The National Planning Commission (NPC) has projected NPR 9,246 billion as planned investment for the country’s 15th Five-year development plan.
The projected amount is part of the approach paper of the five-year periodic plan that the National Development Council (NDC) has approved in its two-day meeting on April 05, 2019.
Under the approved plan, the country will spend the said amount over the next five years period to achieve growth targets.
Nepal’s five-year period plan begins with FY 2019-2020 and lasts till FY 2023-24 with a targeted 9.6 percent annual average growth rate. According to NPC, private sector is expected to bear half of the total planned investment.
The private sector is expected to invest nearly 55.5 percent or NPR 5,135.41 billion, while the government will cover 39.1 percent or NPR 3,613.32 billion investment, followed by the cooperative sector (5.4 percent), NPC added.
1) Private Sector Share: NPR 5.1 billion (55 Percent)
2) Government Sector Share: NPR 3.6 billion (39.1 percent)
3) Cooperative Sector: 5.4 percent
1) Agricultural sector: NPR 813.75 billion (5.4 percent)
2) Industrial Sector: NPR 3,154.61 billion (14.6 percent)
3) Service Sector: NPR 5,728 billion (9.9 percent)
According to NPC’s Secretary Laxman Aryal, the plan aims to minimize the portion of public sector investment gradually and give more scope for private sector participation in the country’s development process.
“During this period, the government has a role to create a foundation for development by making investments in the infrastructure. However, the public sector investments will gradually go down in the next periodic plan to provide more space for the private sector,” Aryal adds.
Under the five-year plan, the government also aims at making the nation a developed one from the least developed status.
However, mobilization of resources for the planned activities remains a concern, said the Finance Minister Yuba Raj Khatiwada at the closing ceremony of NDC.

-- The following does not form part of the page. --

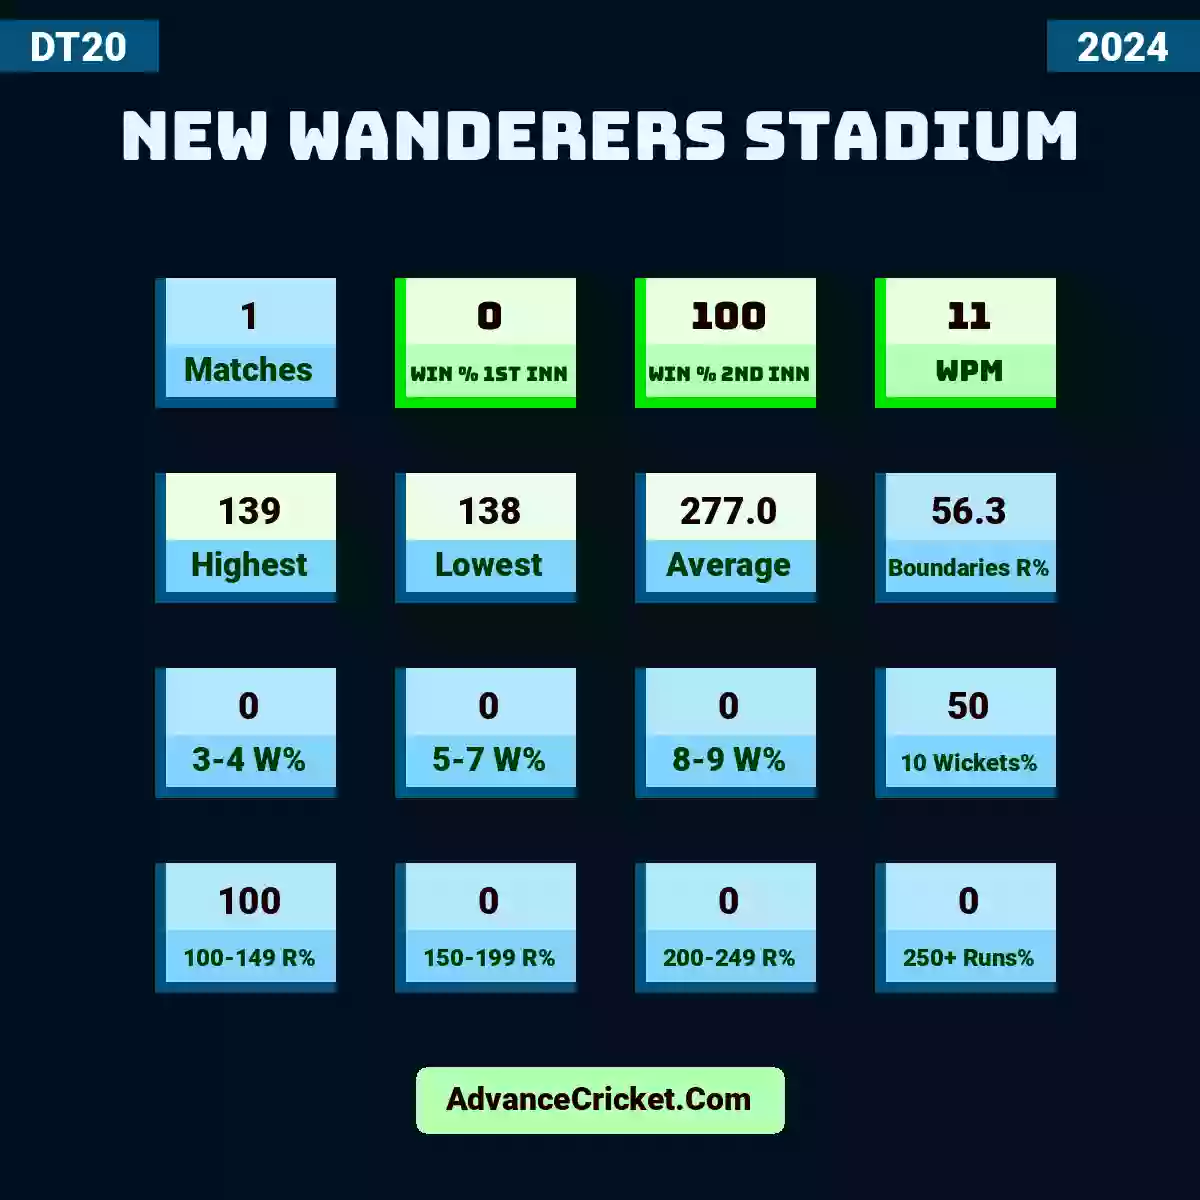 Image showing New Wanderers Stadium with Matches: 1, Win % 1st Inn: 0, Win % 2nd Inn: 100, WPM: 11, Highest: 139, Lowest: 138, Average: 277.0, Boundaries R%: 56.3, 3-4 W%: 0, 5-7 W%: 0, 8-9 W%: 0, 10 Wickets%: 50, 100-149 R%: 100, 150-199 R%: 0, 200-249 R%: 0, 250+ Runs%: 0.

In this regard, the Finance Minister pitched on the need for increase of gross domestic savings to mobilize internal funds to fill financial resource gaps.
Khatiwada also raised the Federal Government’s financial liability as a challenge in financial resource mobilization, while highlighting the government’s current annual liability of NPR 600 billion as a combination of pension costs and national pride projects, among other key expenditures.